# Nan in layer normalization

I have noticed that if I use layer normalization in a small model I can get, sometimes, a nan in the gradient.
I think this is because the model ends up having 0 variances.
I have to mention that I’m experimenting with a really small model (5 hidden unit), but I’m wondering if there is a way to have a more stable solution (adding an epsilon 1^-6 do not solve my problem).

Cheers,
Sandro

How do you compute the normalization ?

It shouldnt give you nan if you divide by (std + epsilon)

1 Like

Yes, I do std + epsilon.

But I noticed that if I get a nan, I get it form the first batch. So I’m wondering if this could relate to the fact that: at the first batch the values are normally distributed ( I’m using xavier initialization), this means that it might actually happen to have small std

Being normally distributed doesn’t mean that it has small stddev. Being standard normally distributed will only have small mean.

1 Like

But from a deeper look, I found out that I got nan only when the hidden unite are all 0. That means that both mean and std are 0. For some reason, if you try this:

``````import torch

loss_fn = torch.nn.MSELoss()
mean = x.mean(-1, keepdim=True)
std = x.std(-1, keepdim=True)
r = (x - mean)/(std + 1e-6)
loss.backward()
``````

You got a None grad, which seems odd. Any intuition why this is happening ?

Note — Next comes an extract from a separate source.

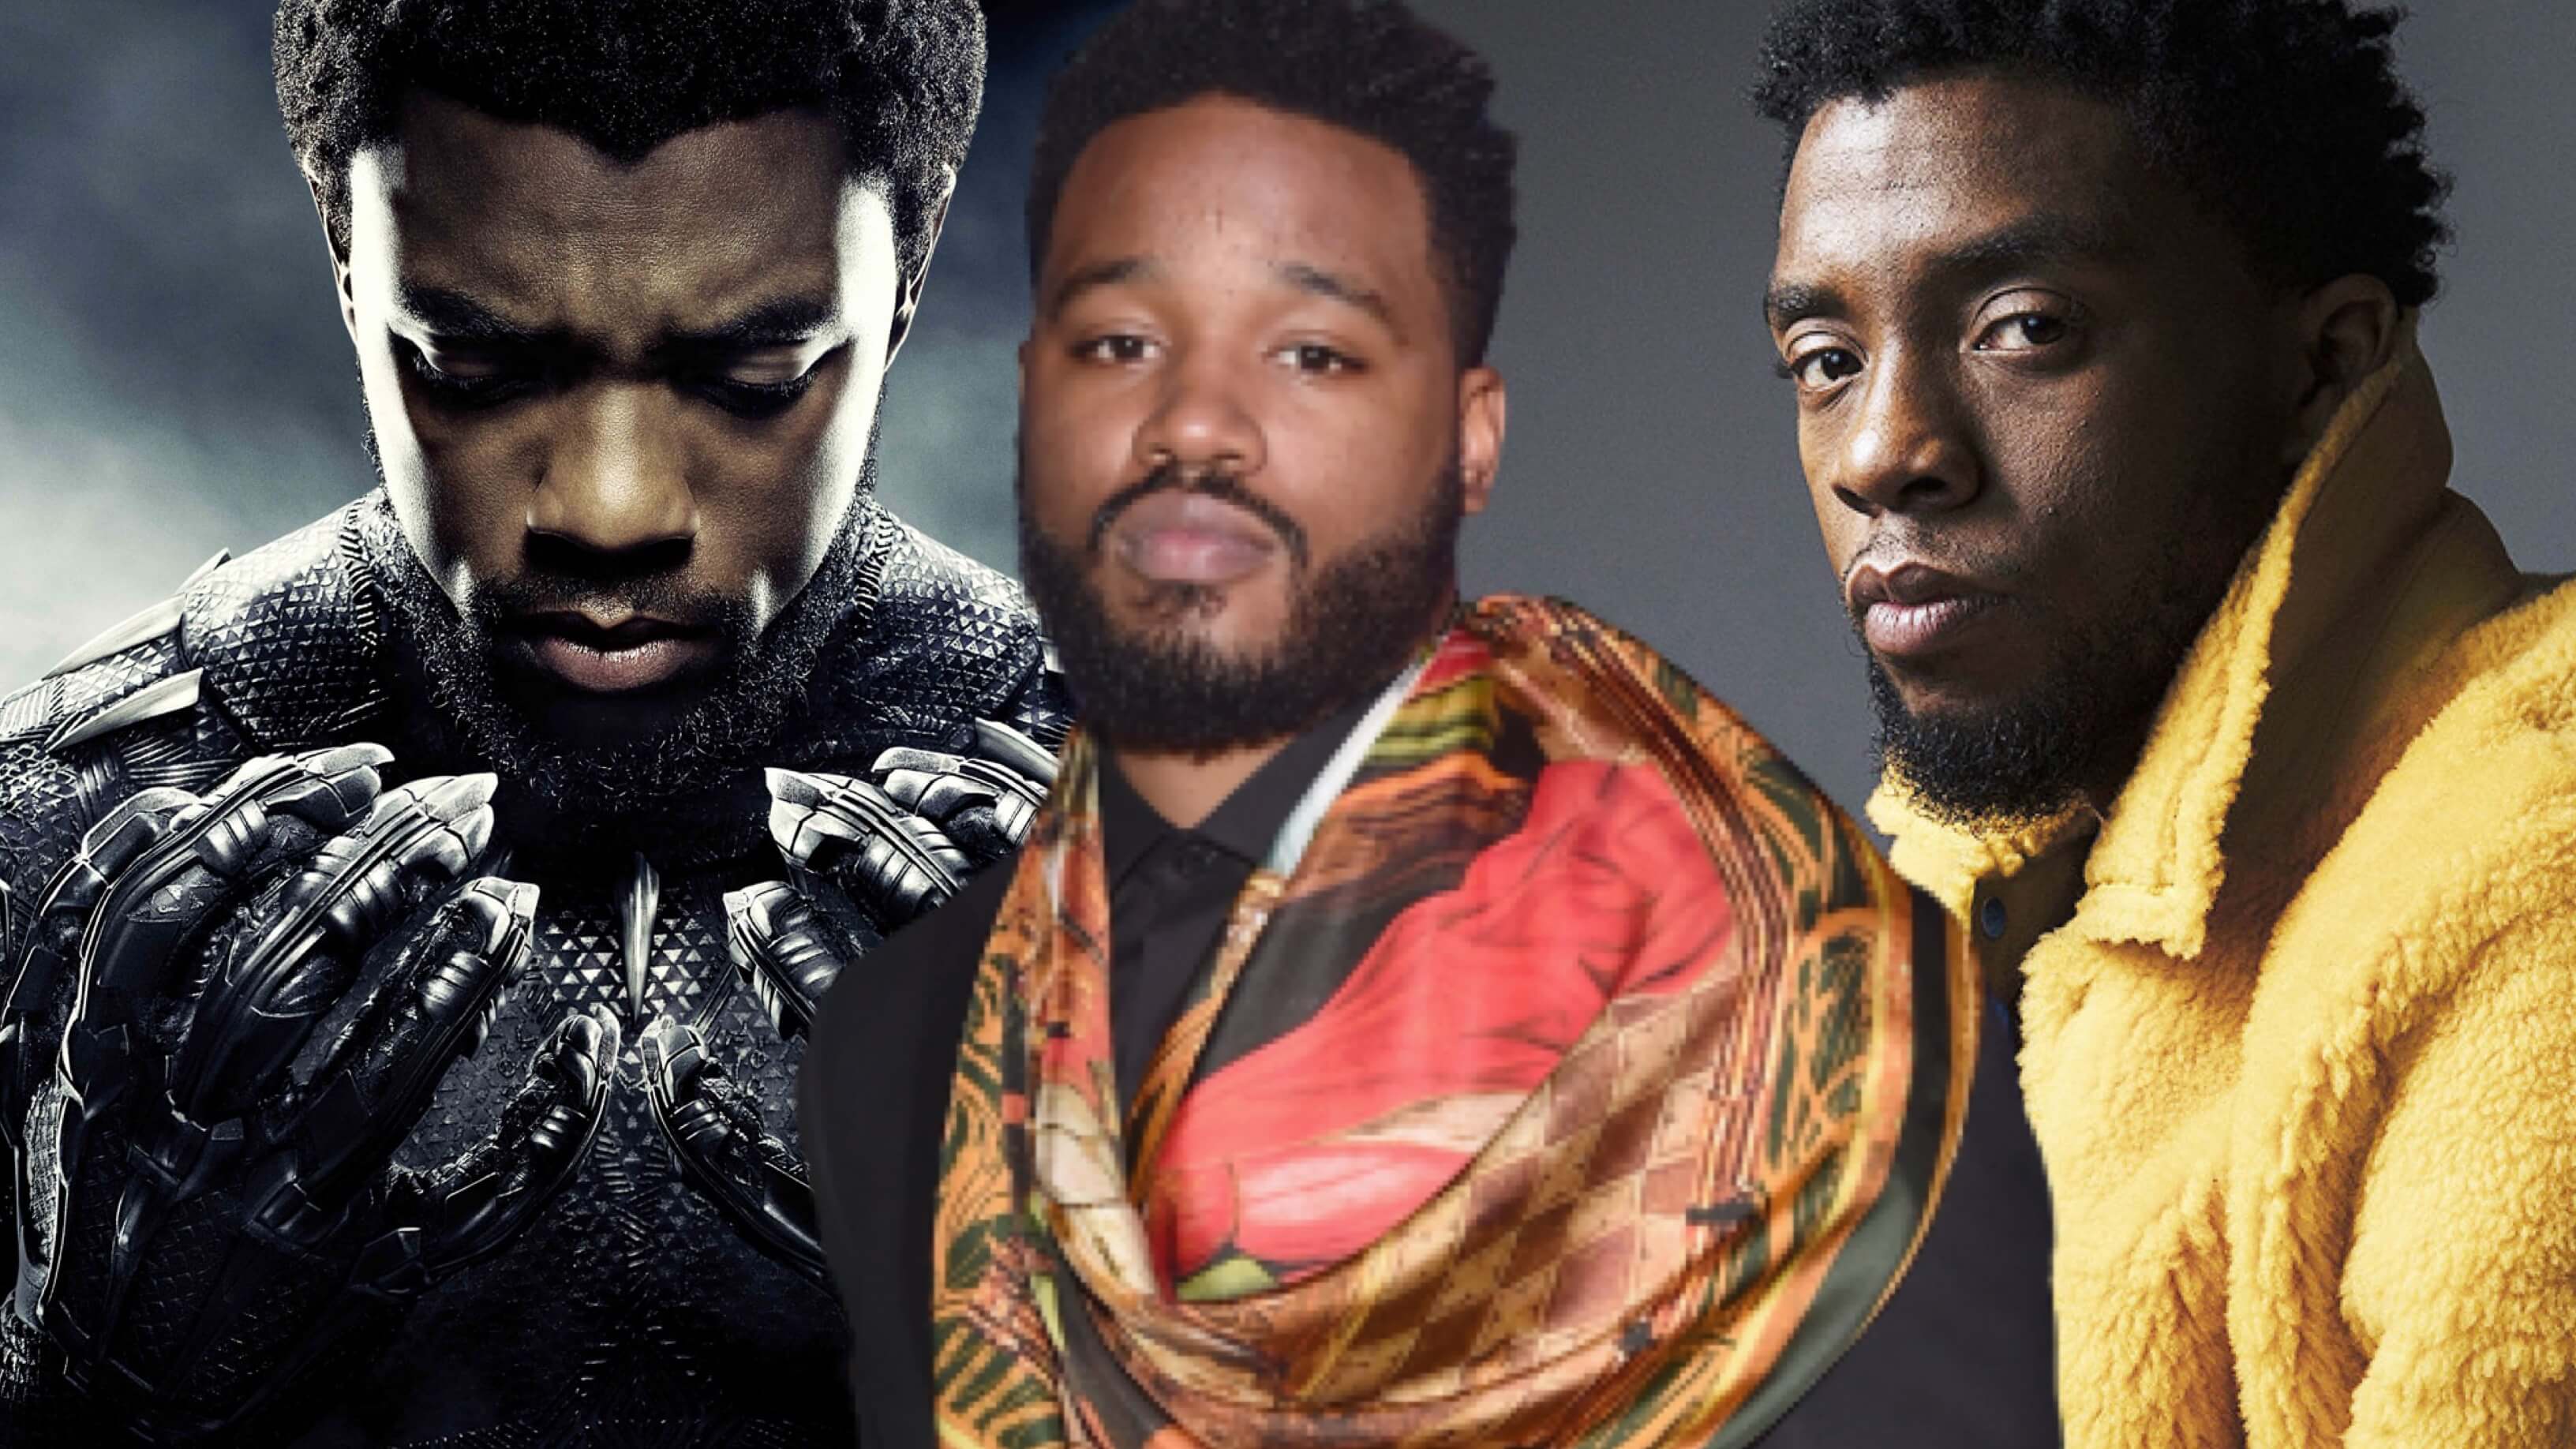 ’Black Panther’ Director Ryan Coogler Releases Beautiful Statement on Chadwick Boseman’s Passing; ABC to Pay Tribute

Your r doesn’t retain_grad. You should add `r.retain_grad()` after computing r.

Thx, but I still do not get why the gradient of x is nan.
I understand that the gradient of mean can explode because it is 1/(std+ 1^-6), but the derivate of x should be 1/N

``````import torch

loss_fn = torch.nn.MSELoss()
mean = x.mean(-1, keepdim=True)
std = x.std(-1, keepdim=True)
r = (x - mean) / (std + 1e-6)
loss.backward()
This makes no sense. `loss.backward` implicitly backwards a grad_output of 1.